A 70-YEAR-OLD man is today starting a 10-year prison sentence for scarring another man’s face for life by repeatedly slashing him with a Stanley knife.

Terence Sullivan accused another regular at the Burns Hotel in Market Street, York, of being a paedophile.

When he was asked not to do so, he went up behind the victim - who had been acquitted several years ago of sex offence charges - and launched the attack, York Crown Court heard.

He slashed the unarmed man at least six times.

“It was a terrifying incident,” Judge Paul Worsley QC told him. “It was unprovoked, it was in a public place where other people were simply having a quiet drink.”

Sullivan, of Vine Street, off Bishopthorpe Road, York, denied wounding with intent but was convicted by a jury after nearly five hours deliberation.

The jury acquitted him of having an offensive weapon in public after the judge told them they could do so if they decided Sullivan had a reasonable excuse to have it with him.

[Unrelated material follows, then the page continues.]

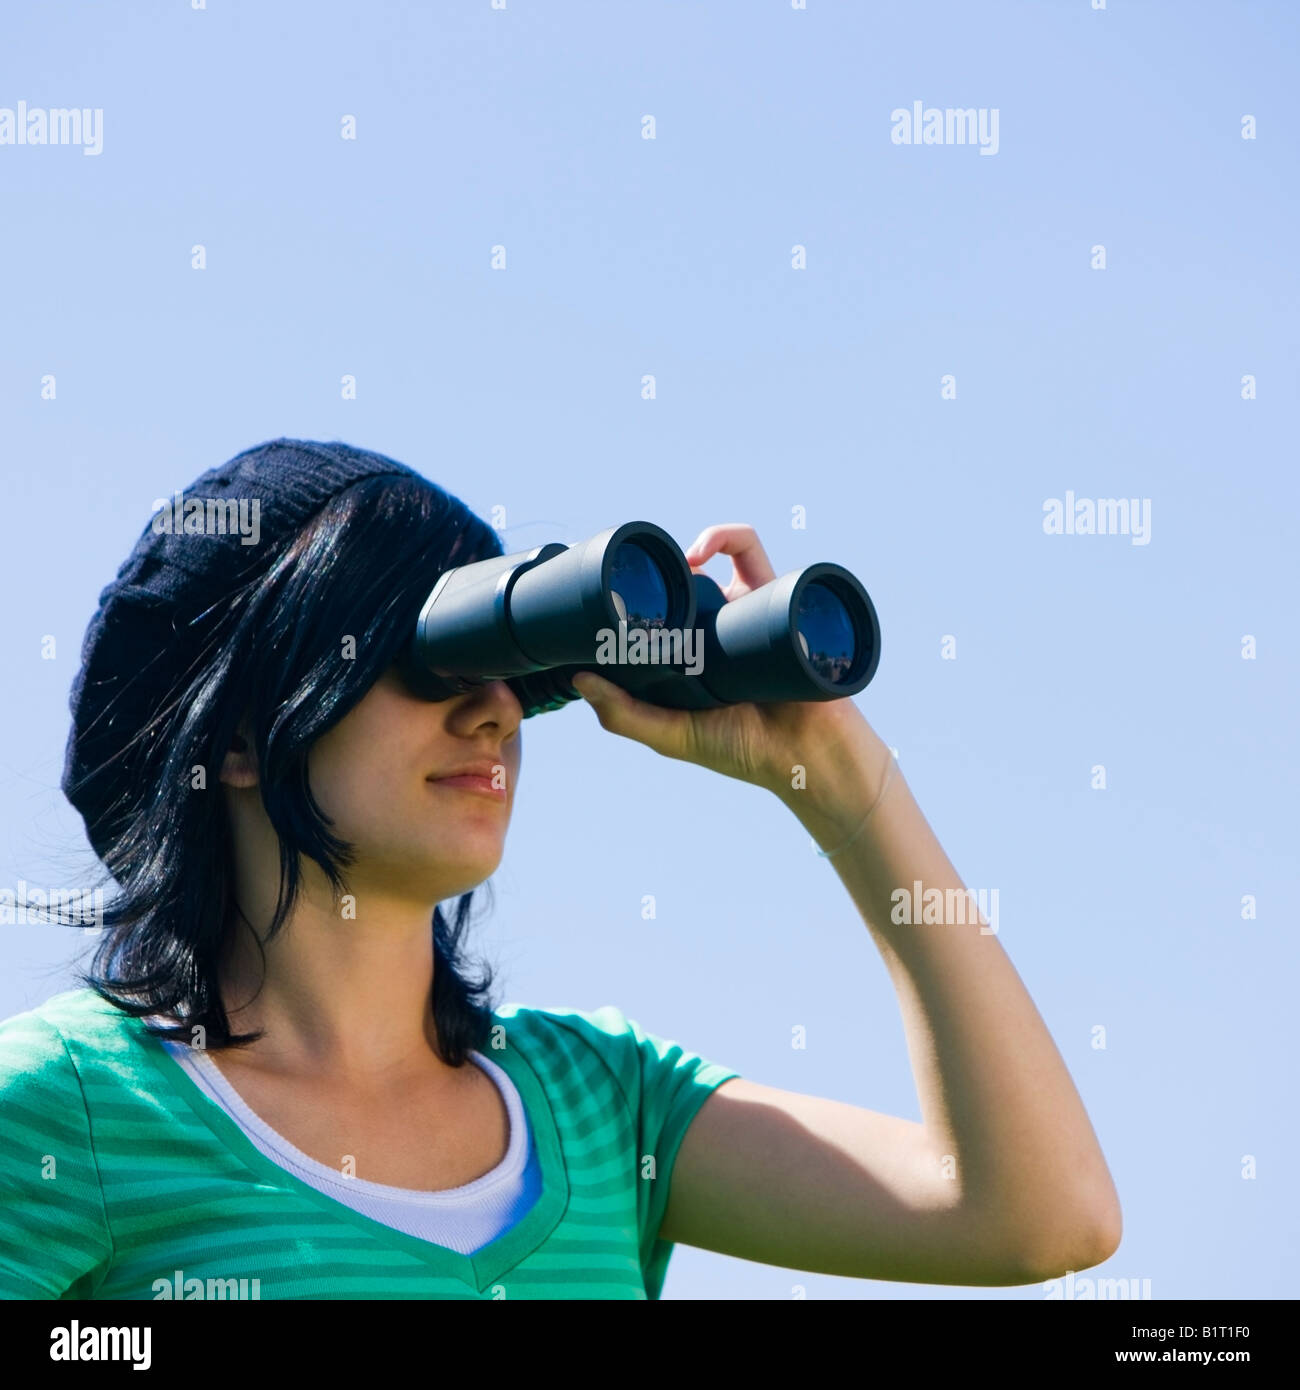 A teenager looks through binoculars Stock Photo

The victim was acquitted of sexual offences by a separate jury several years before the incident on February 17, 2016.

“It seems you harboured some suspicions in your mind, and it is clear you ignored him whenever you met. It is a great misfortune that didn’t continue on February 17,” the judge told Sullivan.

He said the victim had asked Sullivan to stop calling him a paedophile after a third man said he wouldn’t talk to him because Sullivan had called him a paedophile.

“You decided you were not going to take this rebuke,” the judge told Sullivan.

The victim was in his sixties, perhaps slightly overweight and no match for Sullivan, even without a weapon, the judge said.

Sullivan inflicted life changing injuries on the victim in six slashing wounds that left him with a scarred face.

“After you had done that, you expressed no regret. You did nothing to see how serious (the victim) was. You left the premises,” the judge said.

Defence barrister John Dunning said Sullivan would find jail harder than a younger man would.

The judge accepted Sullivan had not laid in wait for the victim.

After the verdicts, the judge criticised the delay in the case coming to trial.

Anthony Moore, prosecuting, told him the case had been listed for trial twice, on March 6, 2017, and October 12, 2017, but on each occasion, other trials had taken priority on the day.

The judge said: “I am troubled by the fact it has taken the case so long to come to trial.”

He said he knew there were lots of cases needing court space but, he continued: “This was a serious matter. I hope cases as serious as this will not take as long as two years to come to court in future.”

Mr Moore also told him police had to wait for forensic and medical evidence before interviewing Sullivan in April 2016 and sending the case to the CPS to decide whether to charge.

The CPS took until July to make a decision and Sullivan was charged when he answered bail on August 1, 2016. His first court appearance was before York Magistrates' Court on September 1, 2016.